__Task brief__.
Keep the images out while you retype all of the data exactly.

__Dataset extract__.
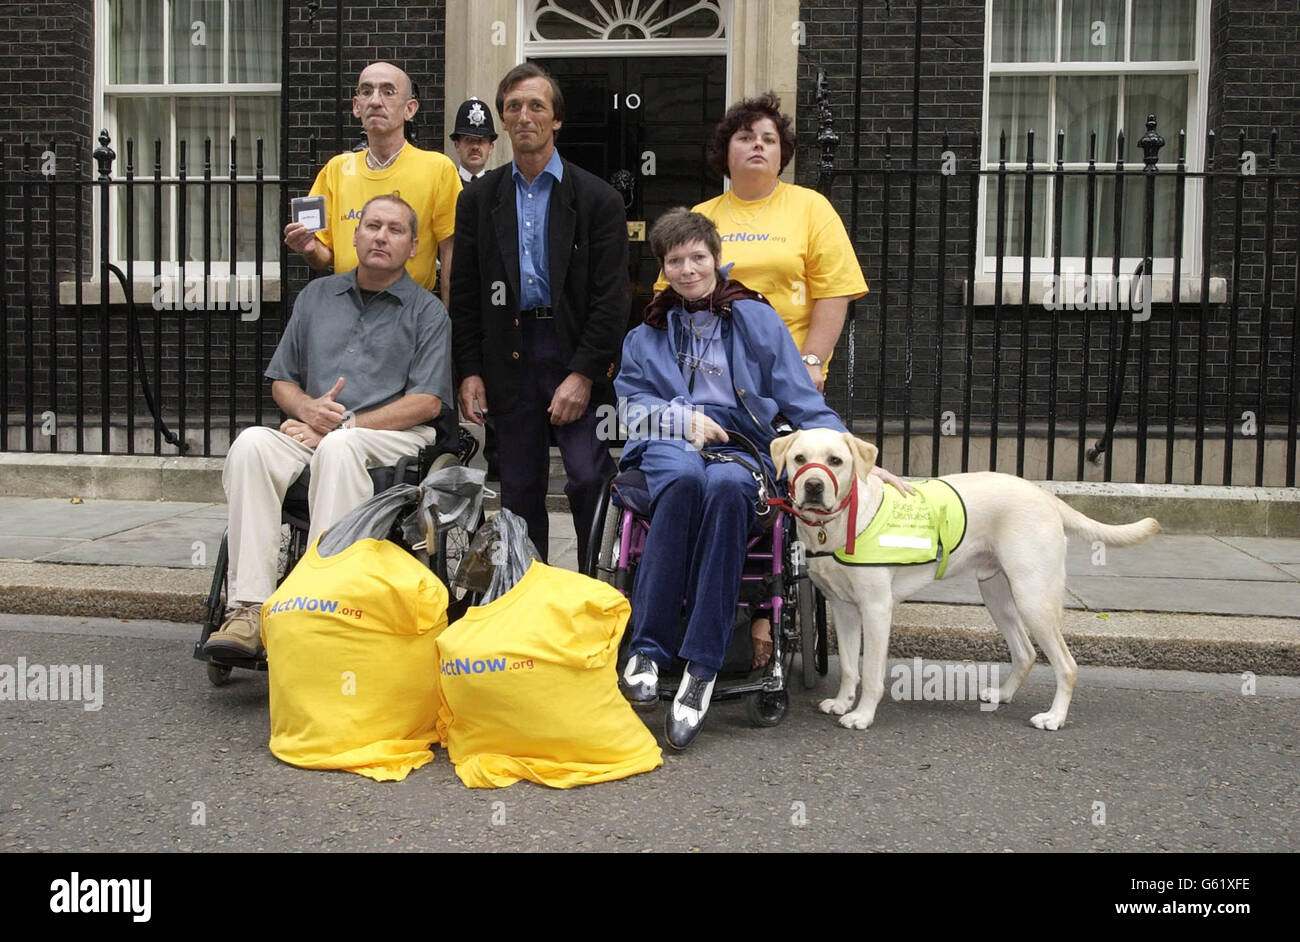 Brian Pretty (centre), the widower of 'right to die' campaigner Diane Pretty, stands outside 10 Downing Street, with four terminally ill people (clockwise from top left - Steve Barksly from Manchester who has AIDS. * Lisa Cook from Huddersfield who suffers from Huntingdons disease, Jane McDonald, from London who has MS and teminal cancer and John Howard from Worthing, Sussex who suffers from motor neurone disease) after delivering the largest on-line petition ever received by the PM's office. The petition organised by Act Now, was signed by 50,000 people with terminal illness, calling for a Stock Photo
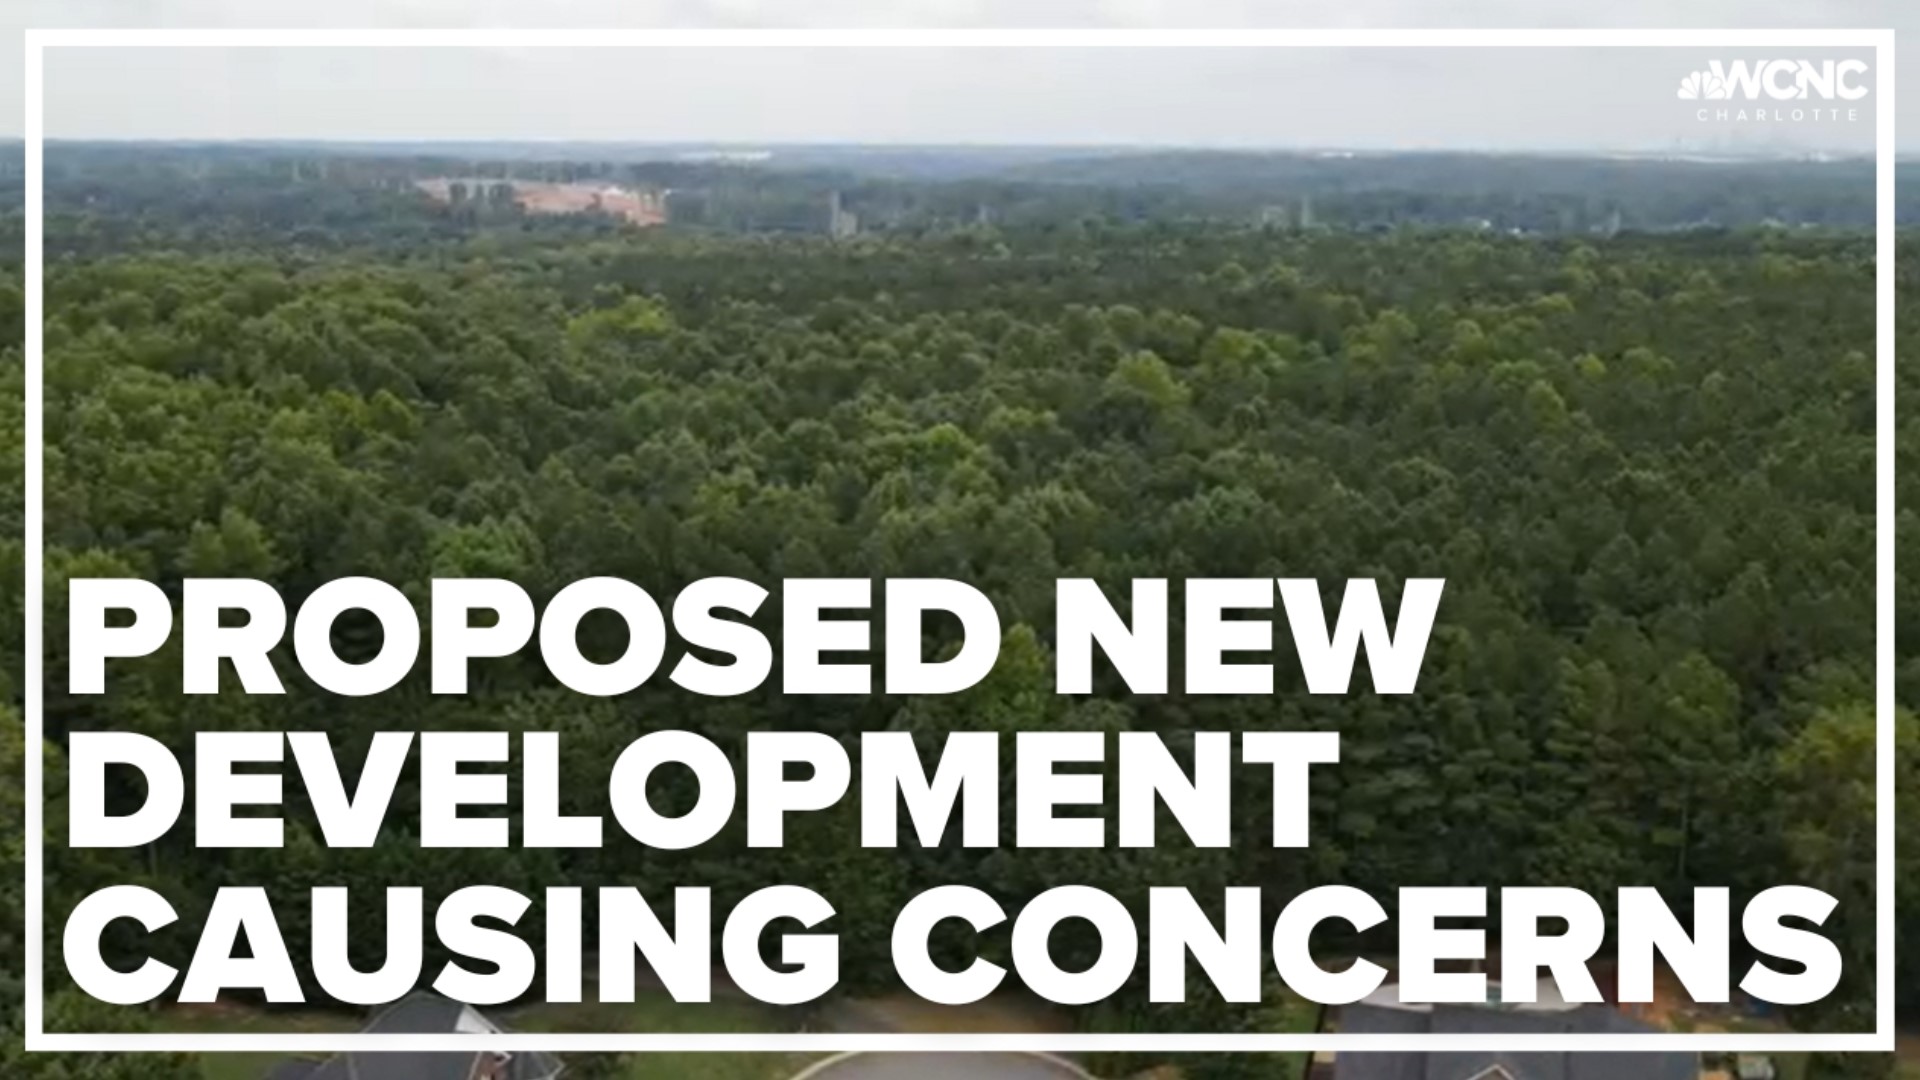 The proposed plan would include about 630 new single-family homes built on 275 acres of vacant land.
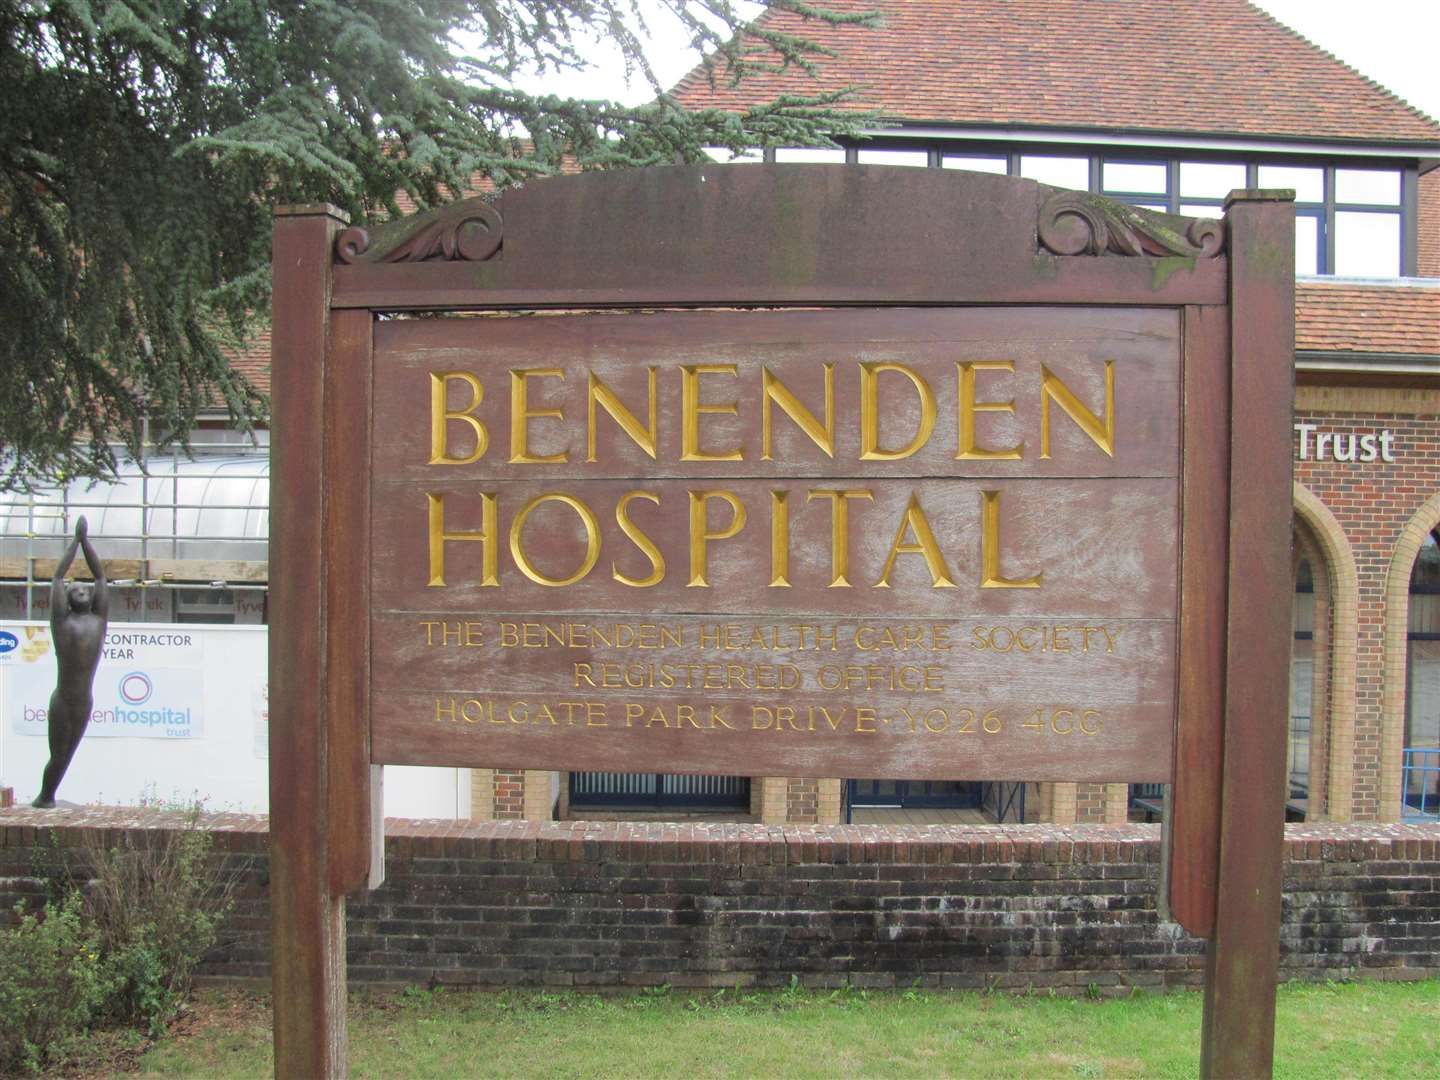 Benenden hospital has an outstanding record for hospital-acquired diseases

__Solution to this problem__.
 Brian Pretty (centre), the widower of 'right to die' campaigner Diane Pretty, stands outside 10 Downing Street, with four terminally ill people (clockwise from top left - Steve Barksly from Manchester who has AIDS. * Lisa Cook from Huddersfield who suffers from Huntingdons disease, Jane McDonald, from London who has MS and teminal cancer and John Howard from Worthing, Sussex who suffers from motor neurone disease) after delivering the largest on-line petition ever received by the PM's office. The petition organised by Act Now, was signed by 50,000 people with terminal illness, calling for a Stock Photo
 The proposed plan would include about 630 new single-family homes built on 275 acres of vacant land.
 Benenden hospital has an outstanding record for hospital-acquired diseases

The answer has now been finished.